The First 5 Years

I spent my 5 year anniversary of living in New York in the Jersey suburbs. An odd choice, I’ll agree. But as I sit here writing this over my Chinese delivery, I feel a bit of a New York cliché. Spending a summer weekend outside the muggy confines of Manhattan, returning to an empty fridge (hence the Chinese food), a looming To Do list, and the anticipation of an early rise to hit the ground running first thing Monday morning – all part of what has become my New York lifestyle. Coming from such a tiny town in Eastern Oregon, I try to appreciate the fast pace of the city, but considering I *am* from such a tiny town, I do need to escape sometimes. The suburbs of Jersey are still a far cry from my parent’s twenty acres, but it’s still a relaxing haven.

Still – 5 years later, I’m here running around like a madman trying to make it, trying to do it all. Honestly, as bone-tired as I am sometimes, I still love it.

It certainly hasn’t been easy. My life may look fabulous all the time from this vantage point – but isn’t all champagne and Chanel. A lot of it has been strung together, paycheck by paycheck, running on 6 hours of sleep each night to barely afford my 2 bedroom apt in Astoria. I’ve only had health insurance for the past 6 months – can you imagine? Four and a half years spent crossing my fingers that I wouldn’t get hit by a bus, or worse, a bike messenger.

And it can be lonely. My family is now all on the other side of the country, three thousand miles away. I don’t have a significant other to emotionally support me in times of desperation. I don’t even have a pet – cats and dogs are expensive, after all, and I’m not sure I could afford one even if I gave up brunching.

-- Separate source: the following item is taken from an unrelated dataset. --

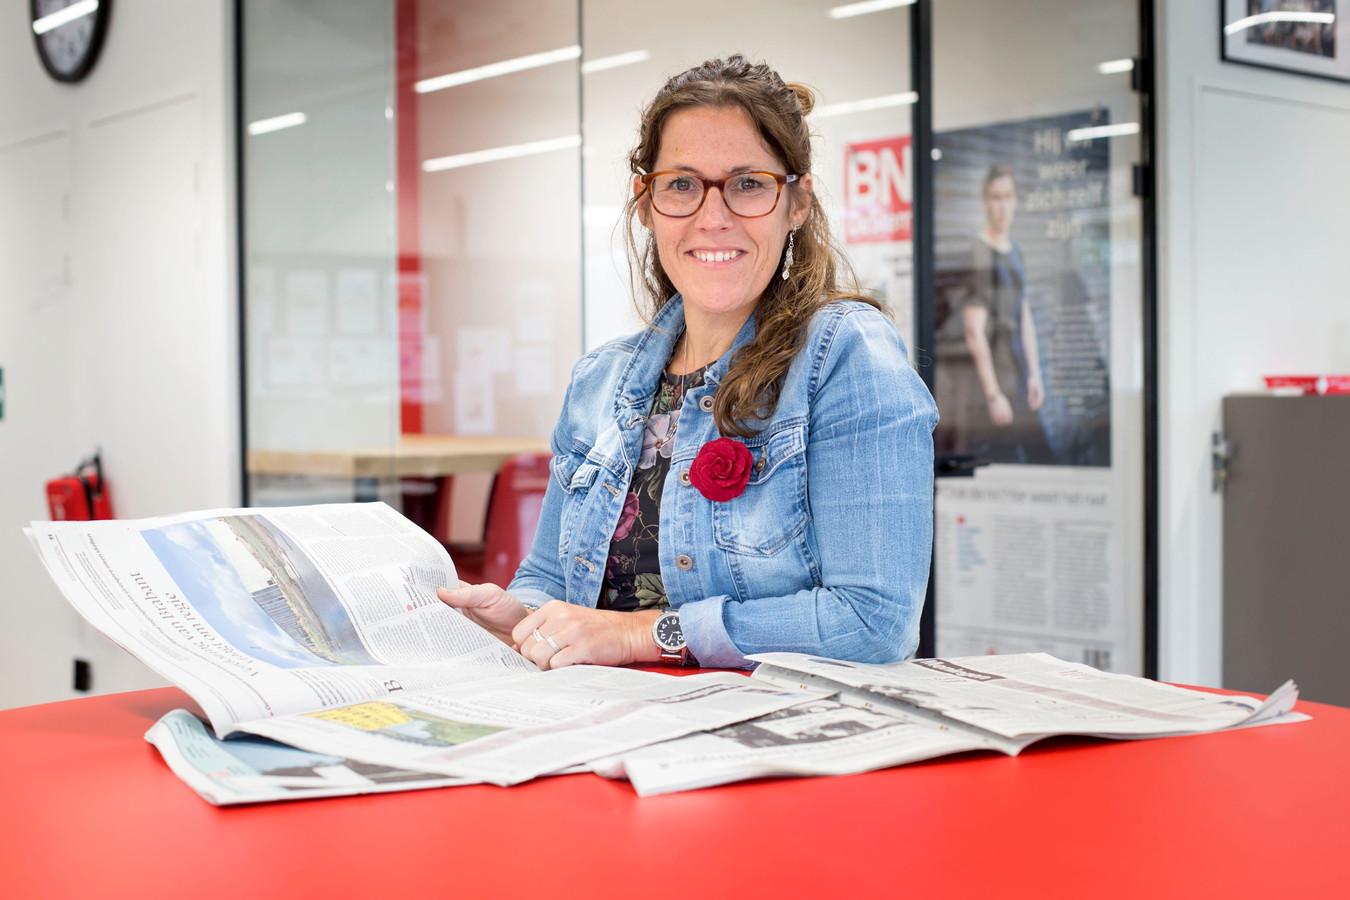 Opinieredacteur Susanne den Boer op de redactie van BN DeStem.

But I do have my friends. I’ve swapped smiles with Anna Wintour, and exchanged emails with Glenn O’Brien, but more to me than these fame encounters are the incredibly brilliant, warm-hearted, uplifting and inspiring friends I have made. They have become my family, my immediate source of support and camaraderie. Fame is fleeting – and so are some friendships, but if the memories we make are all we leave behind, then I already have enough in my arsenal to fill a lifetime.